Most “either/or” questions are designed to make you choose, but sometimes the correct answer is “both.” When dealing with someone like President Joe Biden, it’s not always possible to know the answer to a simple question: is this man stupid, or is he just a liar? There is ample evidence of both, almost always, but the exact tilt of a scale and in which direction it points for the majority is not always clear. As such, you are sometimes left wondering which it is, but there is little doubt it is at least one and usually some combination of both.
So what has me asking this? The way Joe Biden answered a simple question from NBC News anchor Lester Holt on the President’s failed, deadly retreat from Afghanistan.
NBC News had just run a devastating report on the failures of the Biden administration in that retreat. Those failures were not the conclusion of NBC News, they’d never determine such a thing about a Democrat, this was the United States military.
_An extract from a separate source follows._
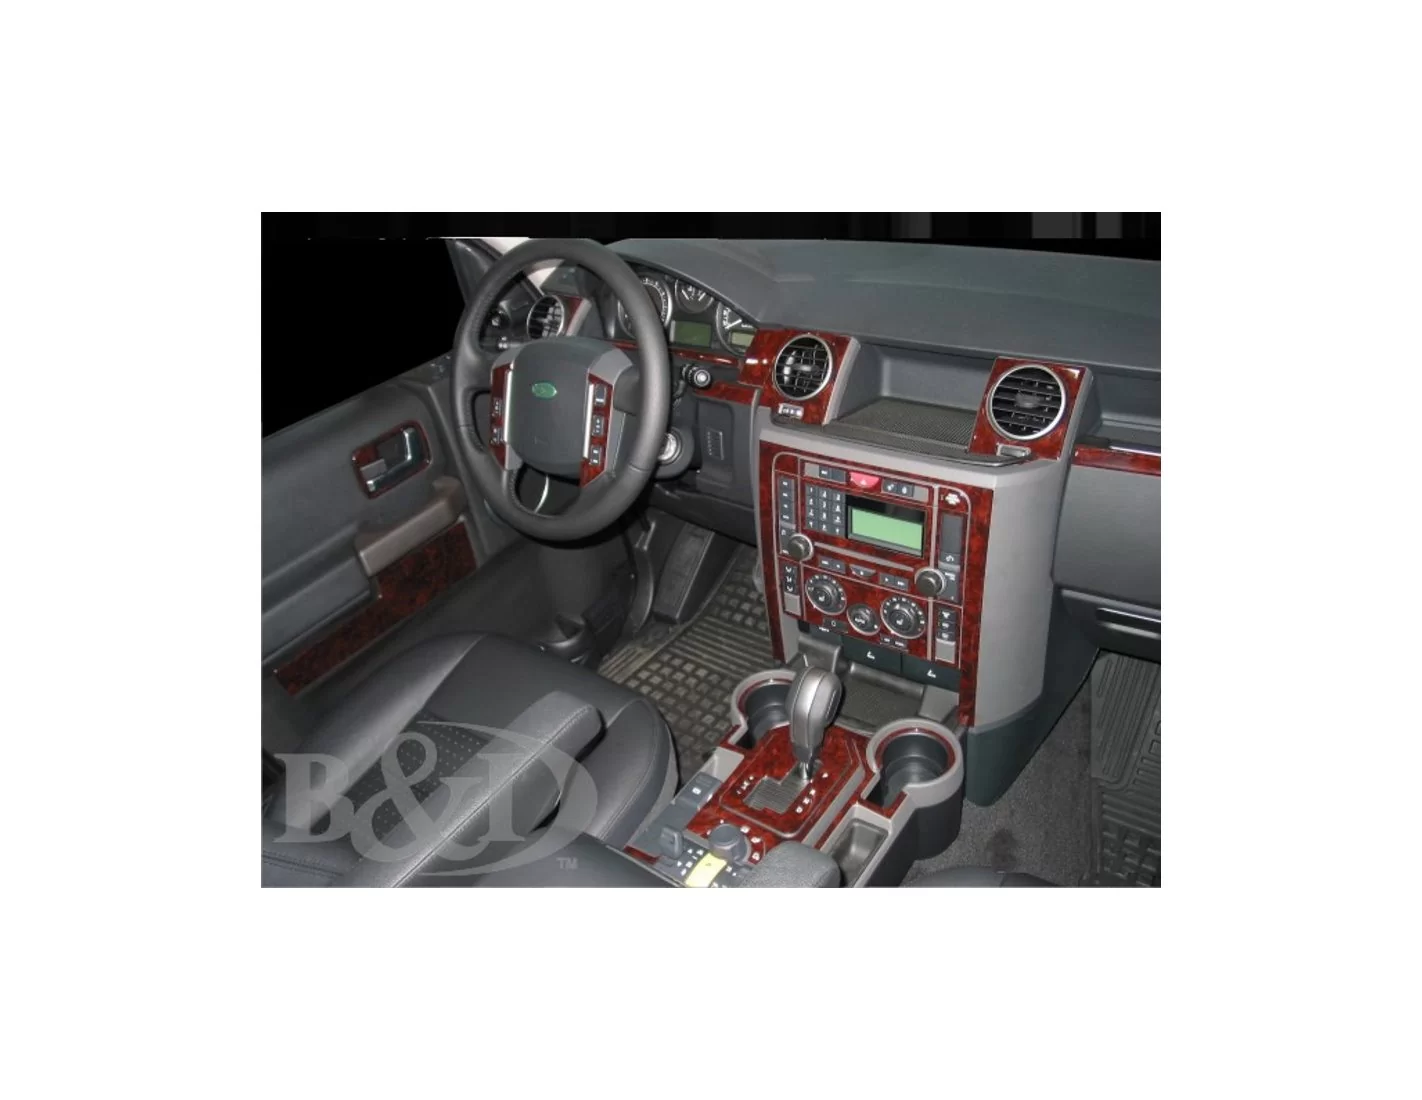 Land Rover Discovery 3 2005-UP Full Set BD Interieur Dashboard Bekleding Volhouder

An investigation by the Army concluded gross incompetence and indifference led to the disastrous scramble at the Kabul airport and the deaths of 13 Americans soldiers at the hands of terrorists. This all could have been avoided, the report says, had the President’s team listened to the military.
When asked about this, Biden told Holt it was all news to him. “No. No. That’s not what I was told,” the President said.
What was curious about how the President said it was his general indifference to the possibilities this revelation presented. If the President of the United States was not told of the military’s assessment and serious concerns, at any point in the lead up to the withdrawal, why not? These were the people on the ground, those most likely to know the whole situation, and those risking their lives. Their concerns should have been paramount. But according to the President, he never heard them.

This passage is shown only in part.